The 53rd annual Kentuck Festival of the Arts took place over the weekend at Snow Hinton Park, away from its usual location in Downtown Northport, showcasing over 270 artists.
The location was changed after the city and Kentuck Art Center failed to reach an agreement related to the festival’s funding.
Among these artists were Abigail Brewer, Carol McCrady and Francesca Charley. Each represented a different style, ranging from painting to fabric arts, and they were only a few of the talented creatives featured at Kentuck this weekend.
Abigail Brewer
Brewer is a first-year MBA student and can often be seen selling her art at the Tuscaloosa Farmers Market and across the Tuscaloosa community. She creates mixed-media paintings, using oil or watercolor and often layering her works with fabric and gold leaf. Brewer said the use of both materials connects her to her Chinese heritage and relates to her past as a dancer.
“I grew up loving the language, the music, and also looking at art and being inspired by that,” Brewer said. “I danced with Alabama Ballet for a bit, and that really shaped how I paint people and think about movement and expression. Those are my two guiding lights.”
Brewer has been practicing her style of art for about five years and has been selling her work for three. While she was an undergraduate student at the University, majoring in international studies and minoring in Chinese, she decided to take a drawing class.
“What I envisioned in my brain could be possible if I knew how to do it, and that’s what got me hooked,” Brewer said, referring to the full-time drawing and foundations instructor.
Her work depicts fantastical scenes of nature or female figures drawn in striking poses. The fabric incorporated into her paintings is collected from her travels to places like Japan or when she visits her family in China. Her color palette is bold and vibrant, and a key element of her work is her attempt to capture ephemeral moments to preserve them forever.
Carol McCrady
McCrady is an artist from Madison, Alabama. For 40 years, she has created original works inspired by Celtic symbols, making papyrus sheets from scratch and drawing on them with ink and watercolor.
“I’ve gone to Europe and done a lot of research on ancient materials, and I learned how to prepare papyrus from some old French books during Napoleon’s time,” McCrady said.
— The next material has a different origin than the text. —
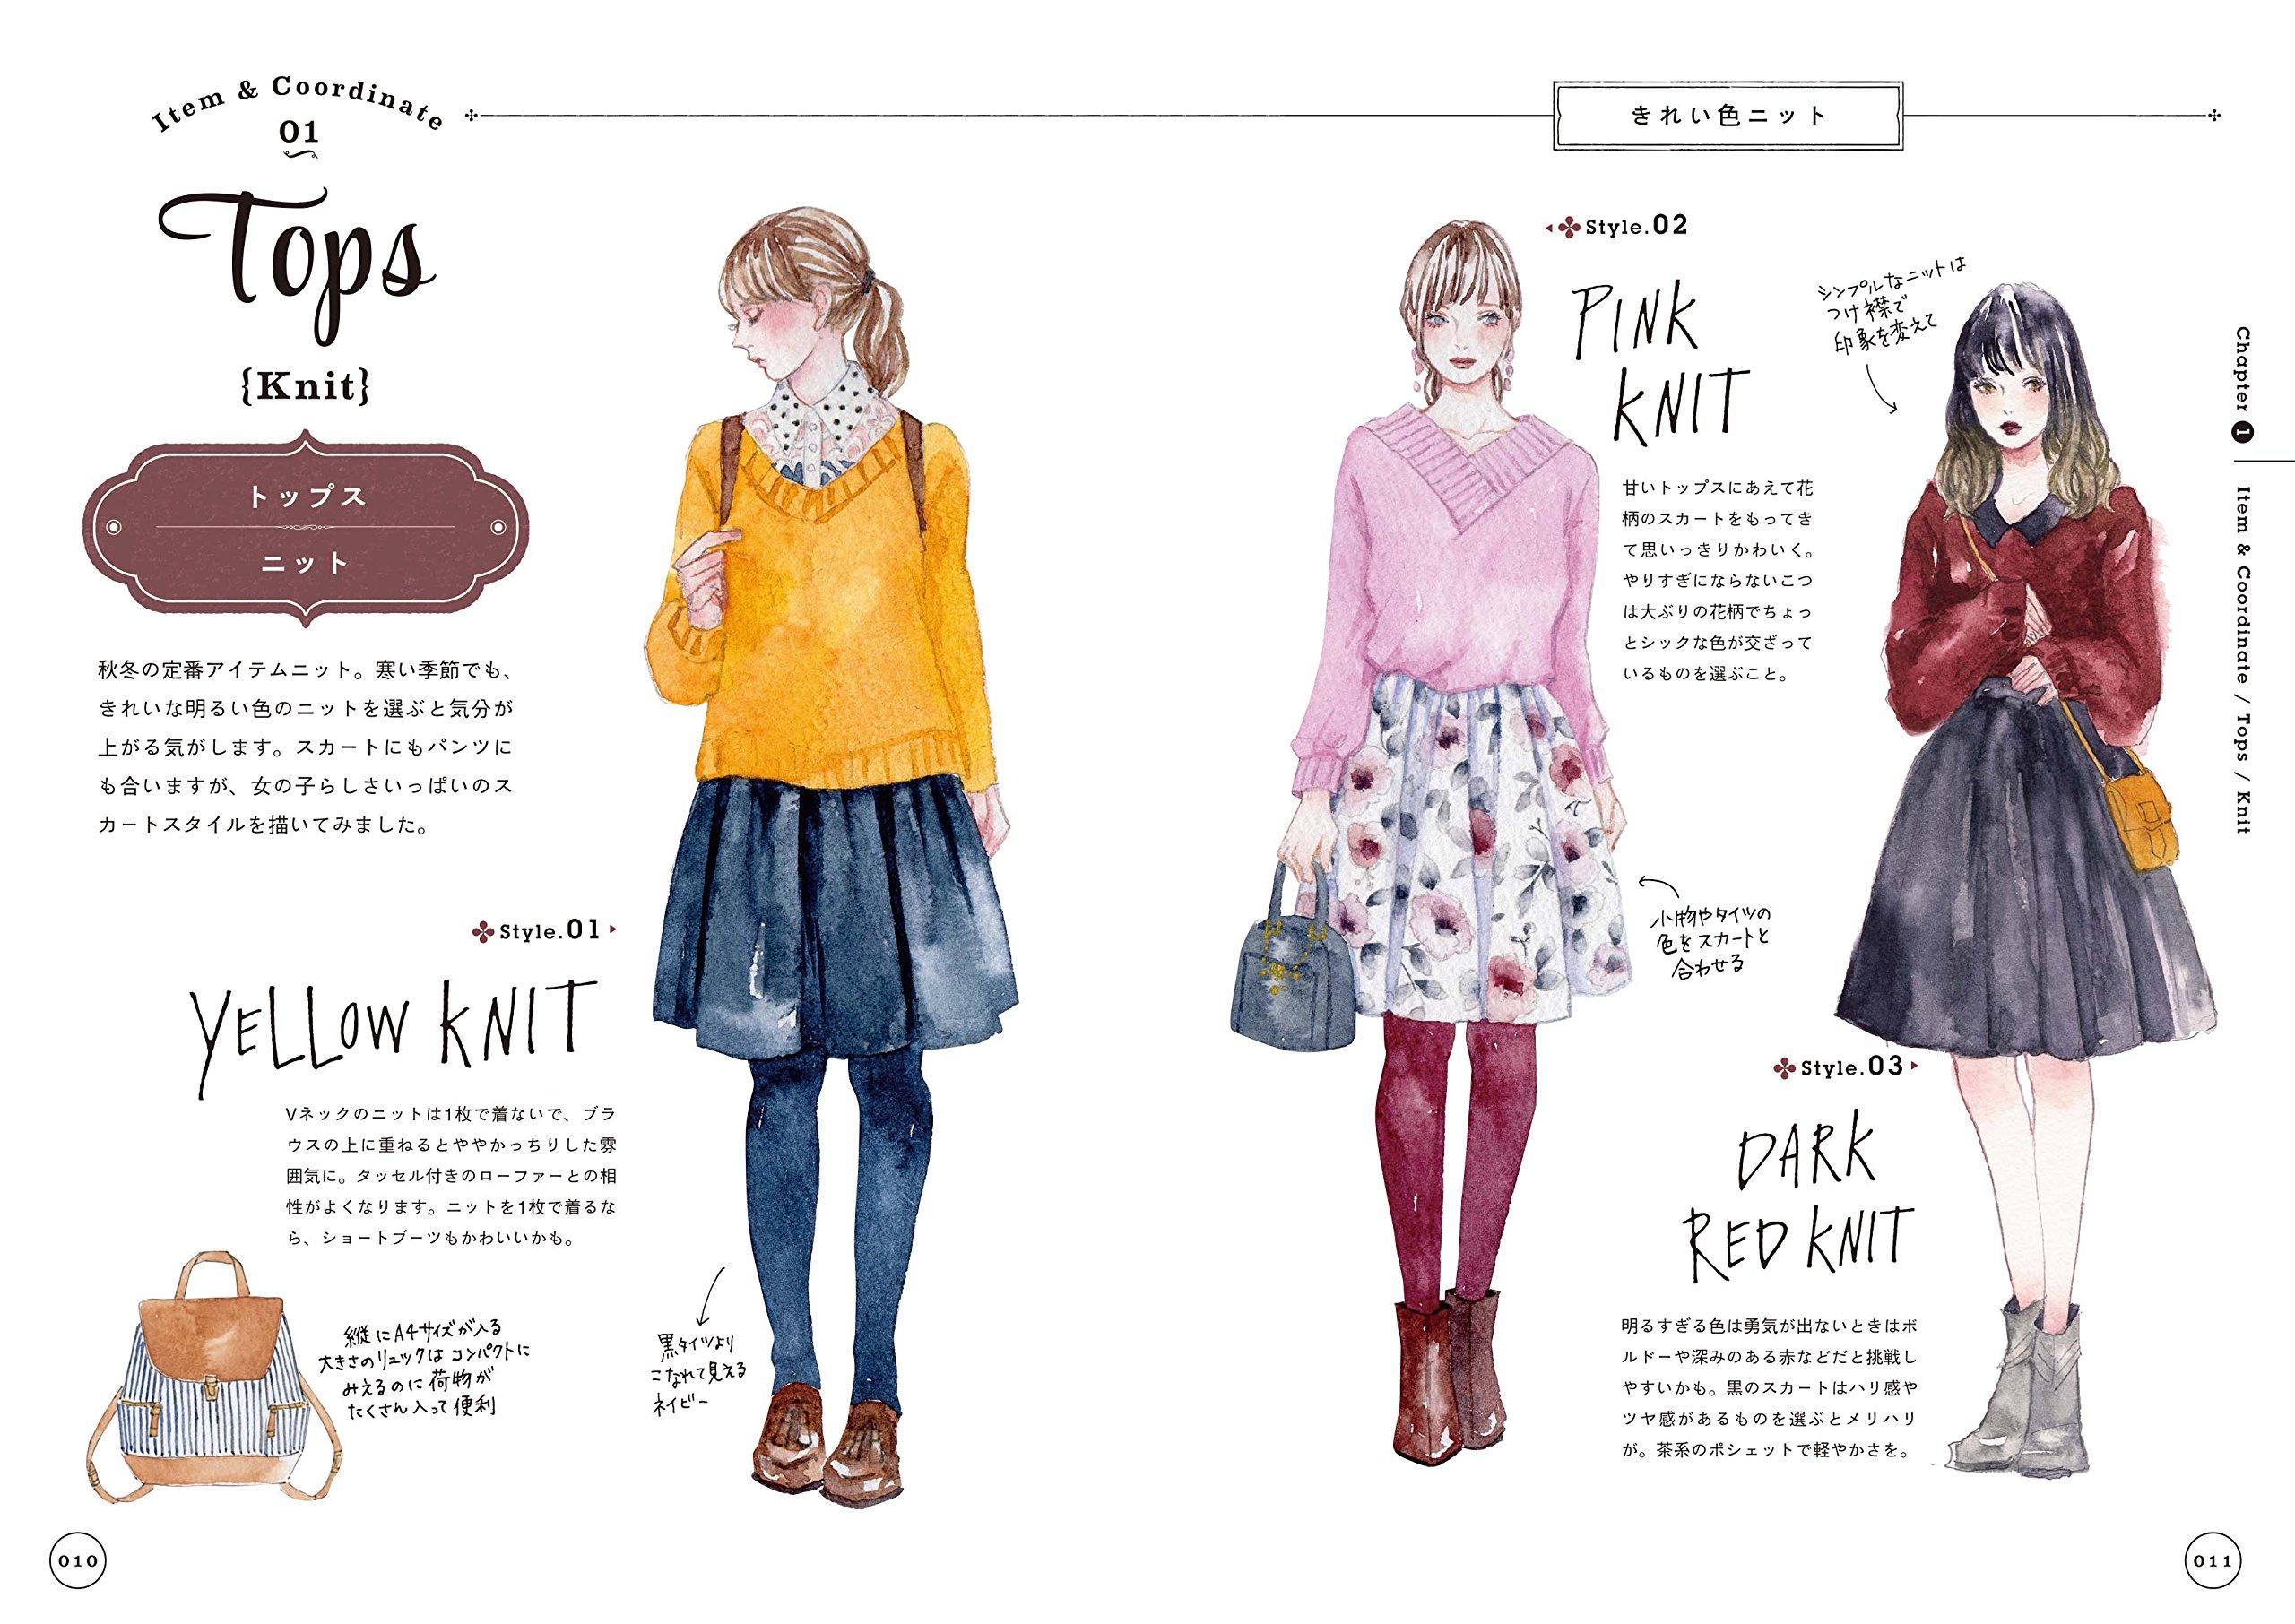 Fashion Girls Miyaファッションイラストブック Miyaミヤマアユミ

Although Celtic art varies widely from sculpture to pottery, McCrady’s work is reflective of art made during the Medieval period, during and after the Christianization of Europe. Her designs vary from paintings of angels to calligraphy written in English. Many of her works involve an image bordered by Celtic knots, and she also creates illuminations inspired by manuscripts written by religious monks.
McCrady’s artistic journey began when she moved to southern Alabama with her two daughters in 1979. To provide for her family, she initially taught calligraphy at colleges and universities across the state. Her work comforted her after the loss of her daughter, Edien, in 1993.
McCrady is one of 12 artists this year to win Kentuck’s Merit Award.
Francesca Charley
Charley is not only a senior majoring in anthropology but is also a quilt-maker.
“I have been sewing since the age of 10. My grandmother was the one who started me quilting because I would spend every summer with her,” Charley said.
The practice has been passed down, originally beginning with her great-grandmother who needled scraps of fabric together in order to stay warm during the winter.
“To see it expand from survival to something as beautiful as it is today, it’s just a great progression. And I’m honored to be a part of it,” Charley said.
Her mother, Claudia Pettway Charley, is also an artist, and she works in collaboration with the Black Belt Treasures Cultural Arts Center, a nonprofit organization in Camden, Alabama.
According to its website, the center supports over 450 artists and works to economically revitalize Alabama’s historic Black Belt region. Charley and her mother’s quilts are made from a mixture of fabrics including cotton, denim and linen, and they are defined by bold colors.
“The thing I love about our quilts is that there is no rule to our designs. Other artists have rules and guidelines, but we don’t have that,” Charley said. “It’s really free and expressive.”